The municipality is already qualifying the sentence! Instead of "NYC announces click-to-cancel law" they qualify it with "landmark".

I think it's silly for a municipality to lie (by omission?) in their own press announcements.

woodruffw 3 hours ago | parent [-]

It’s a landmark change in NYC.

Again: this is NYC’s official website. It might (as a stretch) be a “lie by omission” on a national newspaper’s website, but this is a website that is solely dedicated to NYC itself.

henryfjordan 3 hours ago | parent [-]

Now I'm being super pedantic, but every town can't have the same "landmark" law. What makes a law a "landmark" is that other municipalities look to it for direction.

In a world where the California law exists, and the New York Times has been used as an example of the success of that law for years already, claiming some sort of moral victory with the "landmark" qualifier is objectively wrong.

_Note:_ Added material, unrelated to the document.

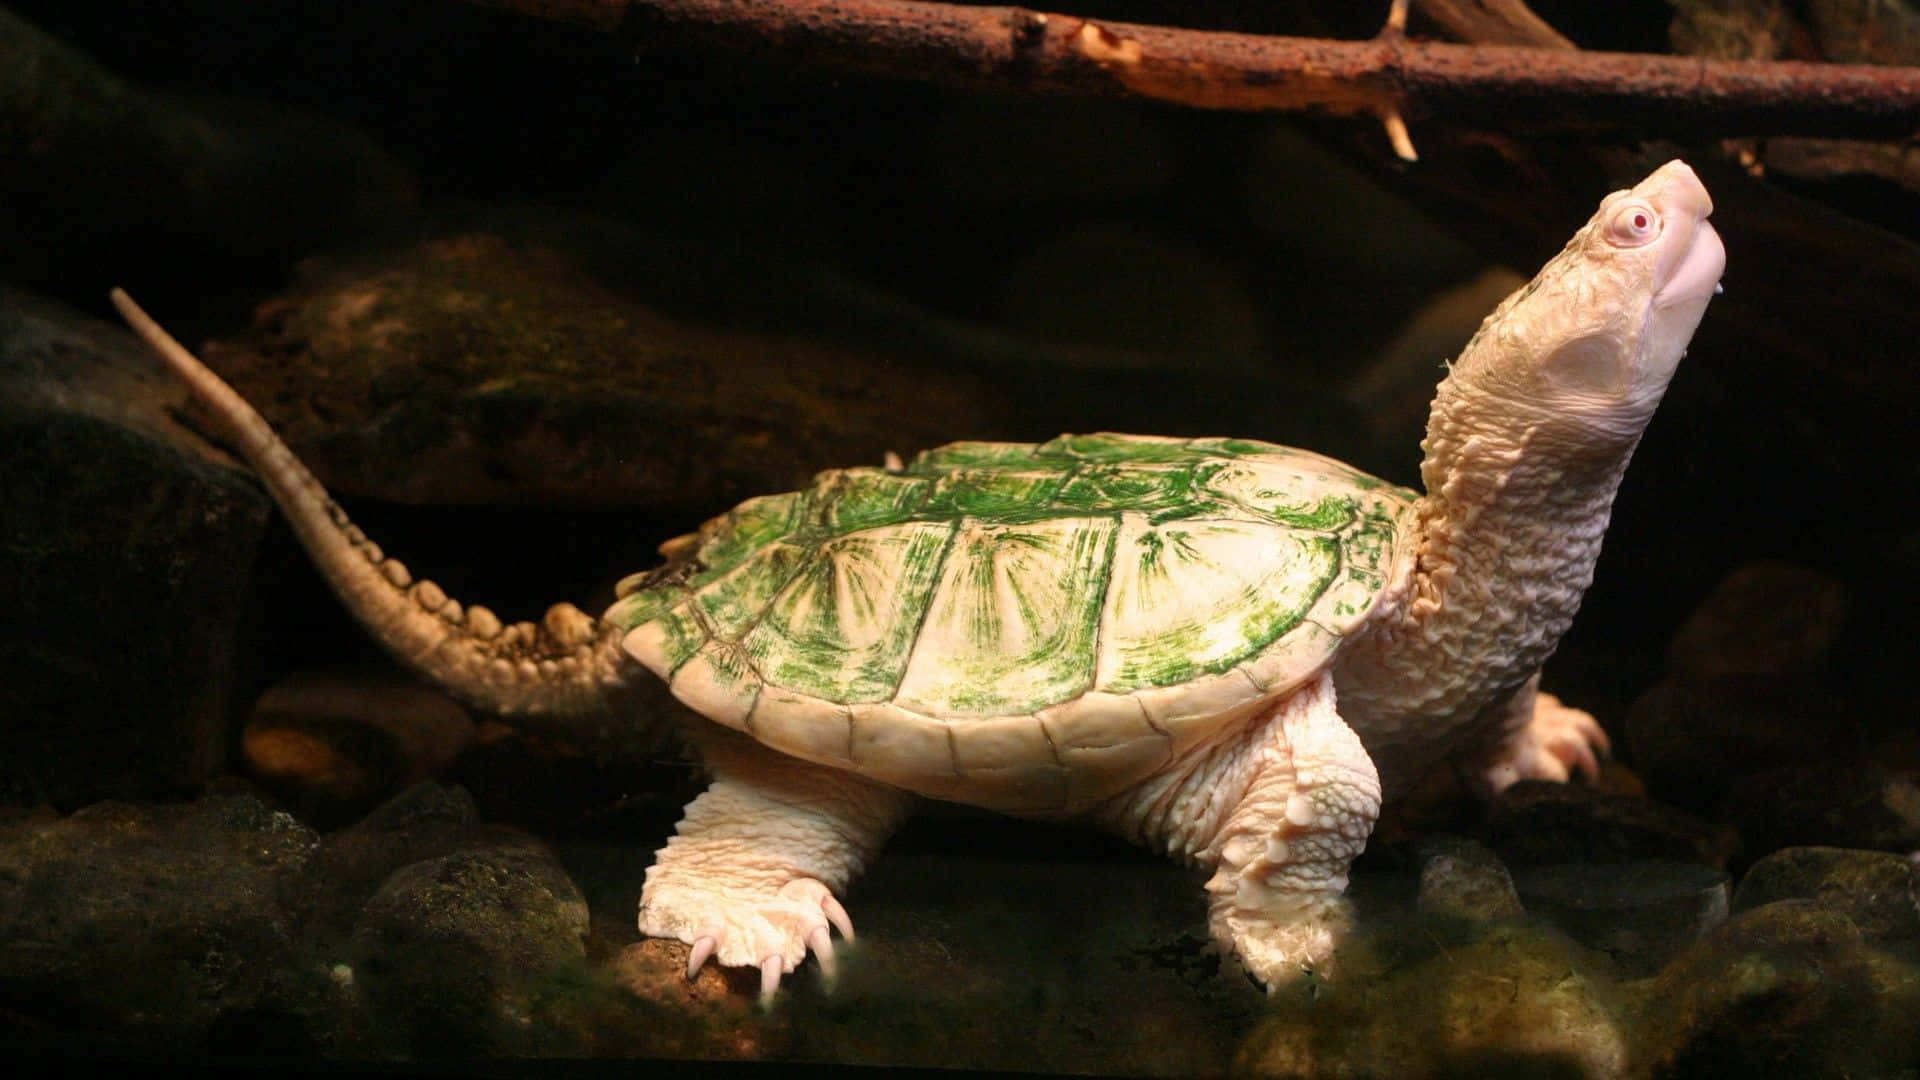 a white turtle is walking in an aquarium
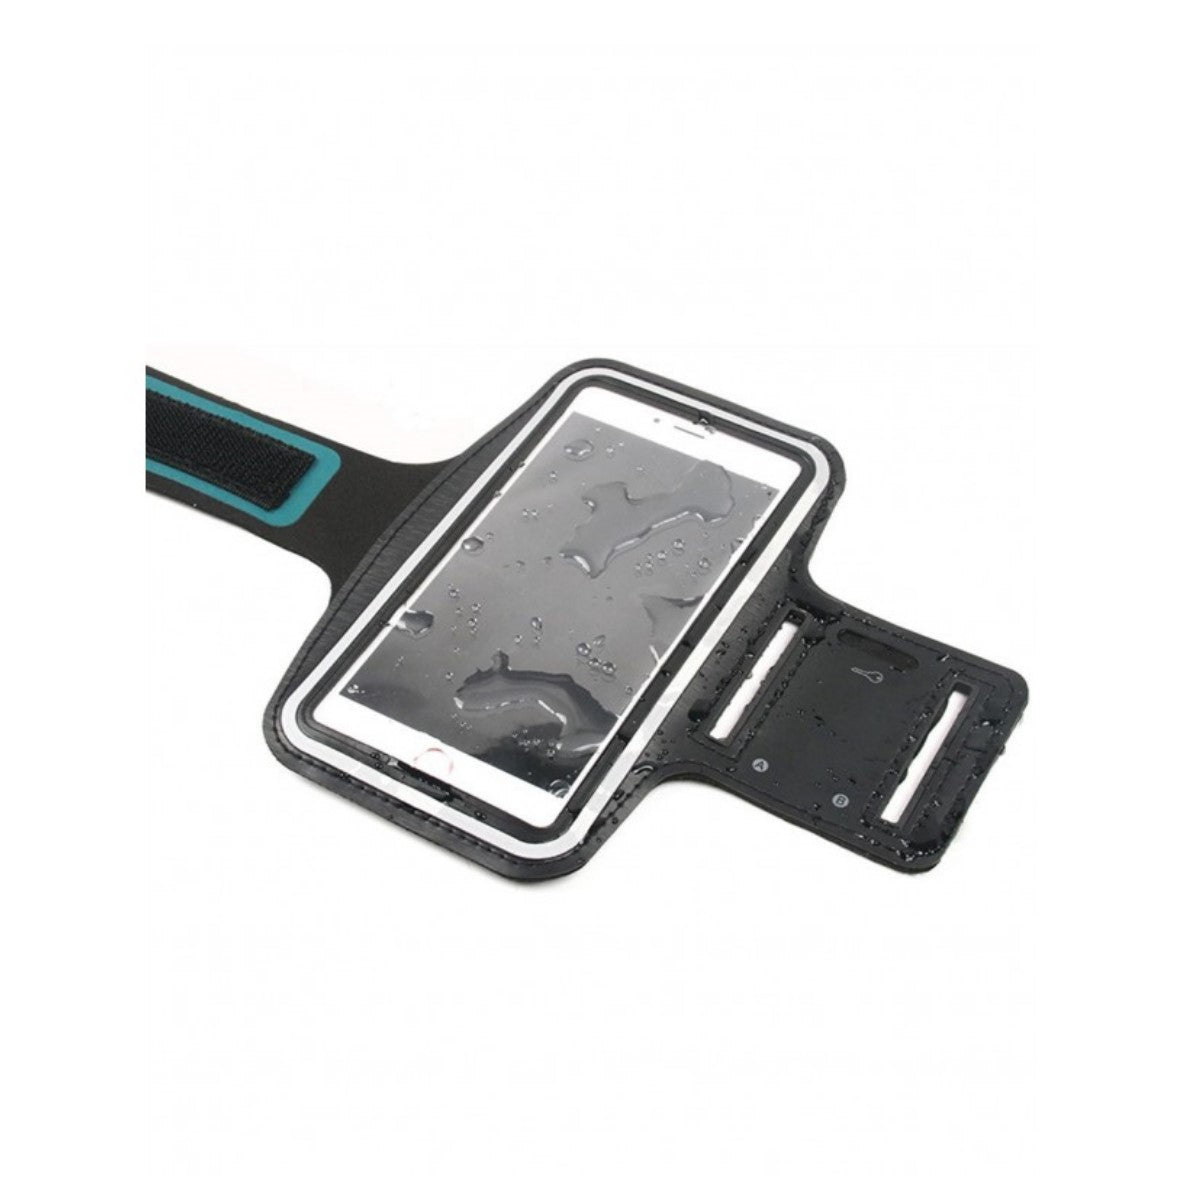 Armband für Samsung Galaxy A41 Sportarmband Handy Tasche Fitness Jogging Handyhülle

Does any of this matter? No, but I like arguing about it.

woodruffw 3 hours ago | parent [-]

If you want to be pedantic, NYC is a different “land” to have a “landmark” for :-)

(I like arguing too. Nothing wrong with that. I think in this case it suffices that they’re regulations in different states with relatively different political histories, even if the political valence of the two is somewhat similar. I would agree if this was a “landmark” change for Irvine, CA.)